Selasa, 16 September 2008
Sumbangan kecil ini hanya akan berarti jika anda menanam dan merawatnya
(tag pada souvenir itu)

Sudah kali kedua, aku menerima souvenir berupa tanaman hidup. Yang pertama saat temenku menikah, dan kali ini aku terima saat acara Eagle Award, Gala Premiere.

Ada temen media yang heran, "Ini tamanam sungguhan," katanya. Wajar saja, saat pertama kali menerima souvenir semacam ini, aku juga surprise banget. Secara tujuan, souvenir ini sangat mengena. Souvenir kan tujuannya agar selalu dikenang. Kalau benda mati, mungkin setelah diterima langsung ditaruh, lalau dibiarkan. Yang ini, harus ditanam dan dirawat. Masih ada interaksi secara rutin. Pas kebetulan yang ngasih berkunjung, bisa dilihat sama-sama bagaimana perkembangannya.

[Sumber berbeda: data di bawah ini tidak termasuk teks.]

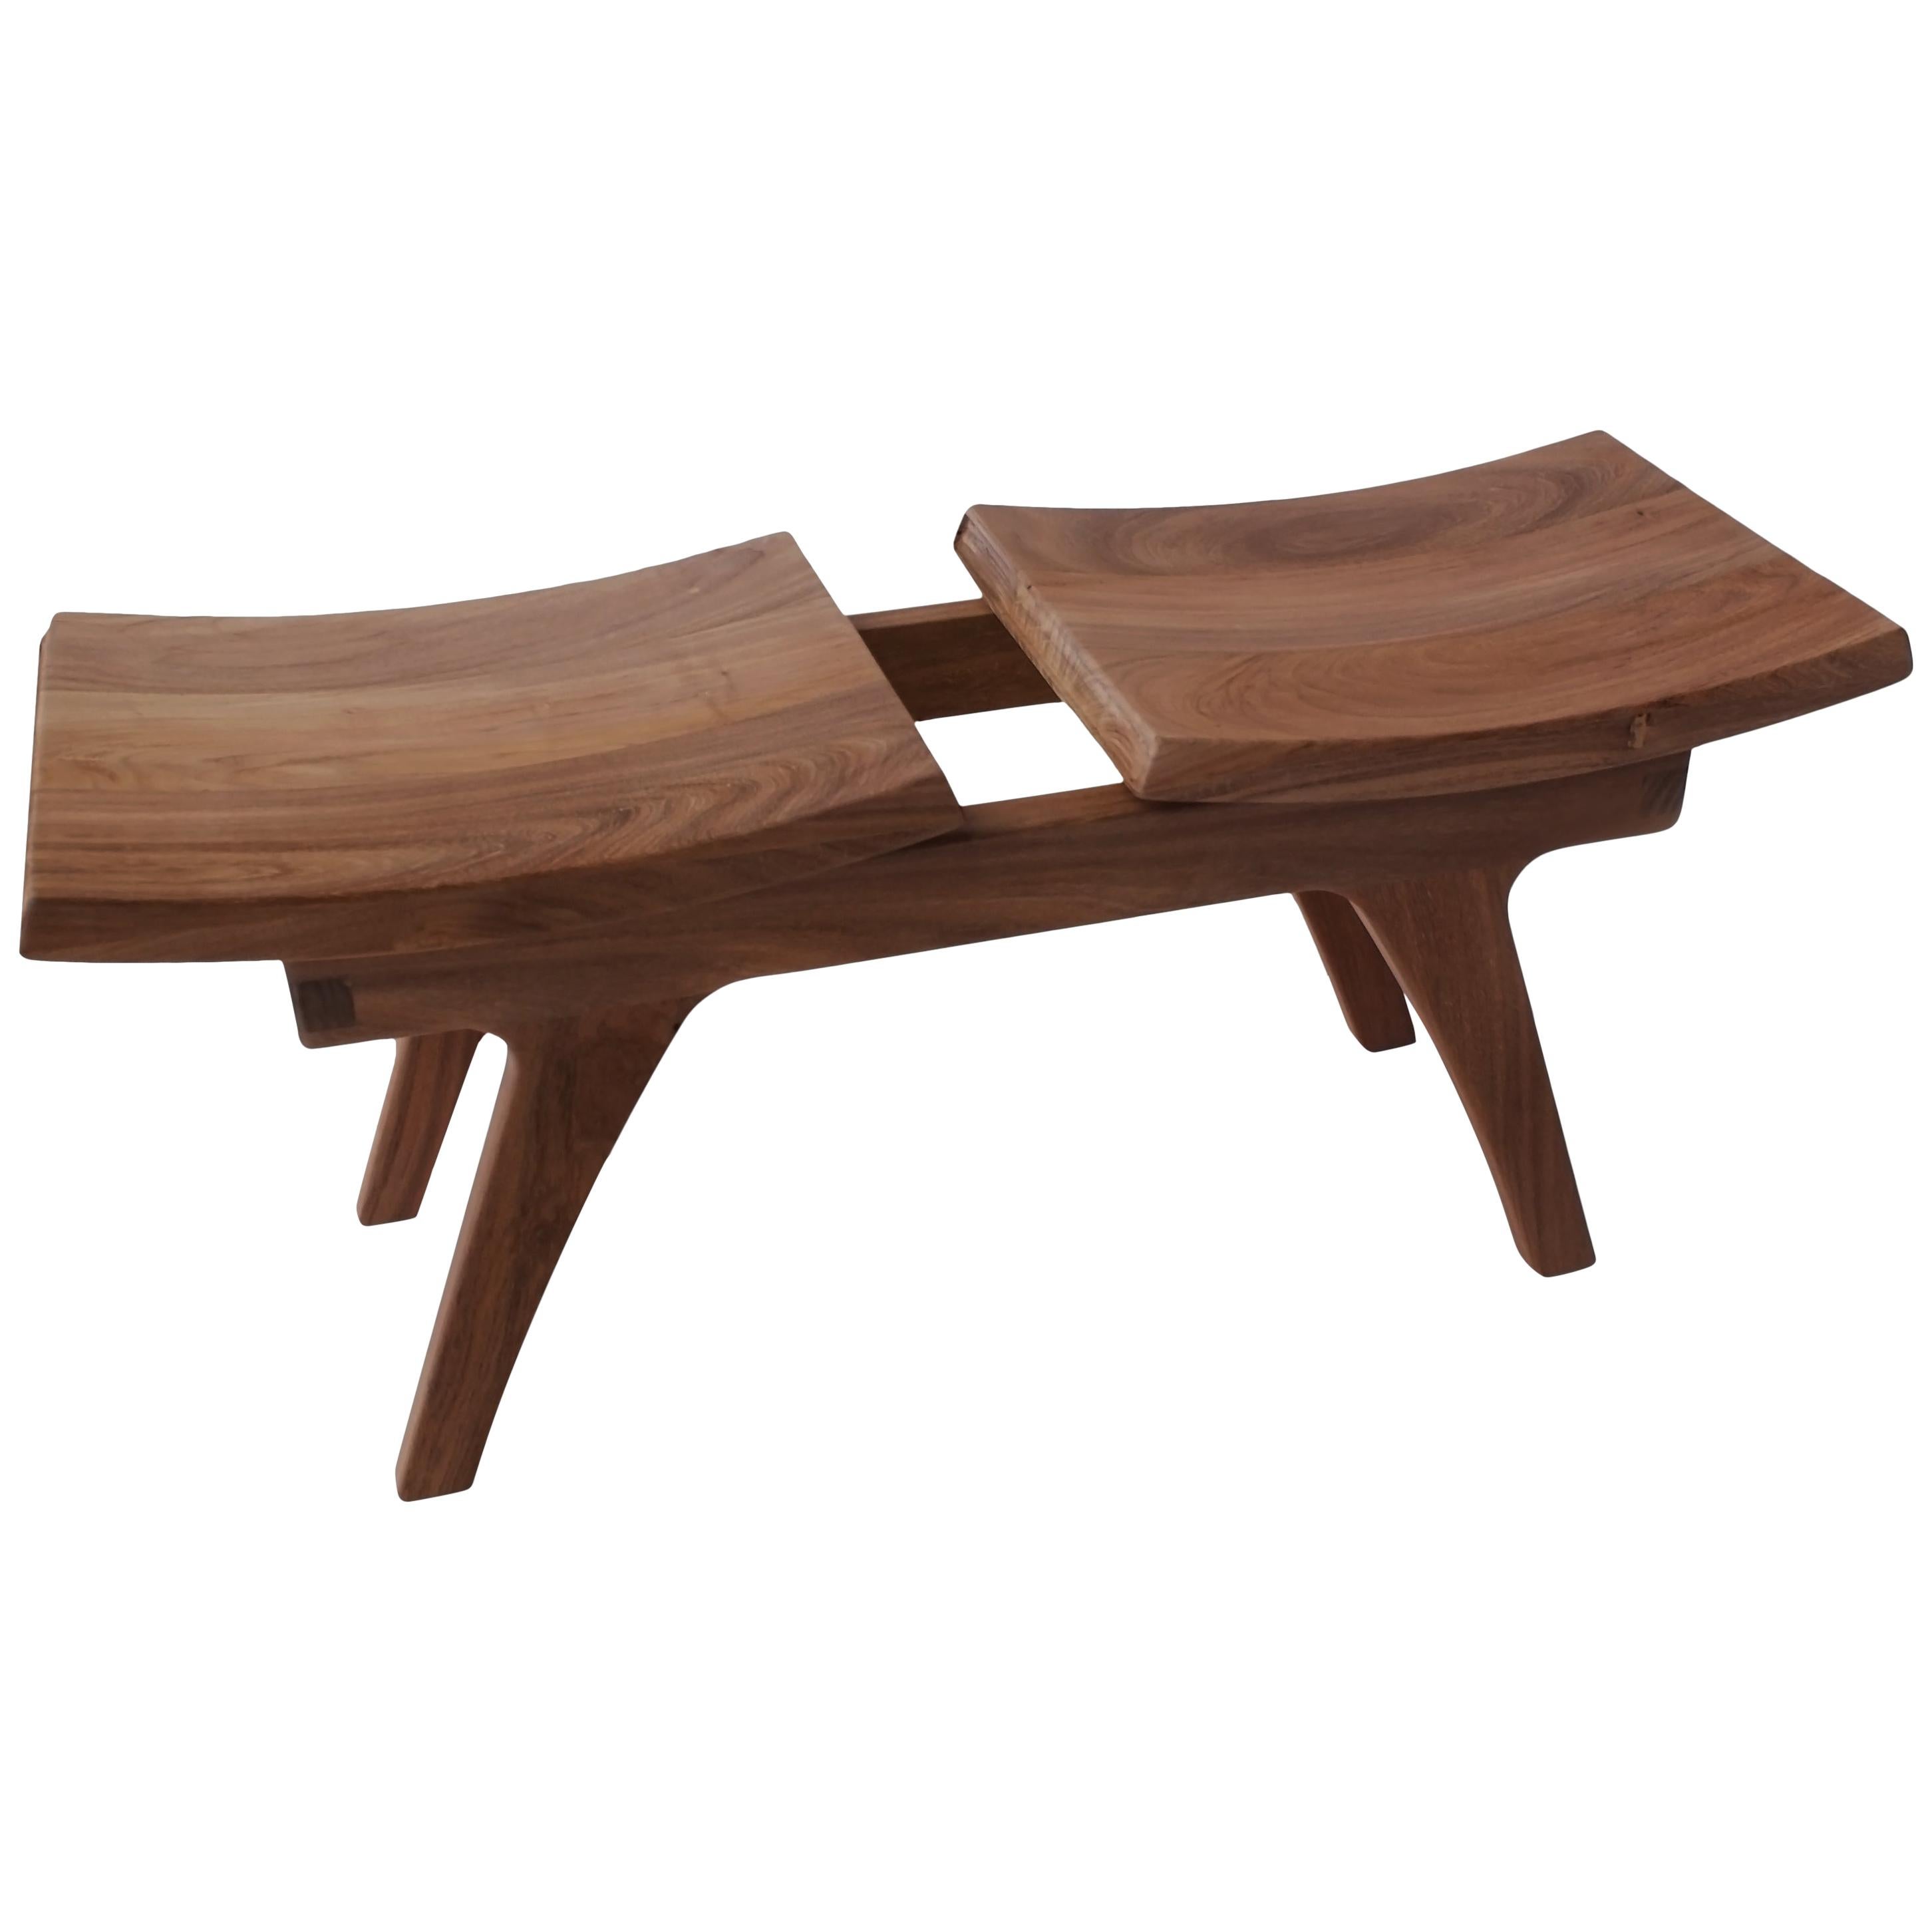 Tripot, Solid Walnut Wood Bench, Stool with Two Seats

Oh ya. Kedua souvenir hidup yang aku terima sama adalah bibit Adenium. Dilihat dari bentuk dan daunnya, kayaknya satu jenis (kayaknya? soalnya nggak ngerti dunia tanaman).

Tas, wadah souvenir itu juga punya semangat yang sama, USE ecofriendly bags. Kalau tas semacam ini, banyak disebar, akan menghemat tas plastik, atau, bahkan bisa menghapus tas pencemar lingkungan itu, dari peradaran (ah teori, hehehe...).

Aku terharu melihat lima film dokumenter yang menjadi finalis kompetisi itu. Semuanya bercerita tentang inisiatif seseorang untuk melestarikan lingkungan. Dan semuanya berawal dari bencana yang mereka alami. Prahara Tsunami Bertabur Bakau, cerita Baba Akong yang gigih menanam bakau setelah daerah tempat tinggalnya terkubur akibat tsunami.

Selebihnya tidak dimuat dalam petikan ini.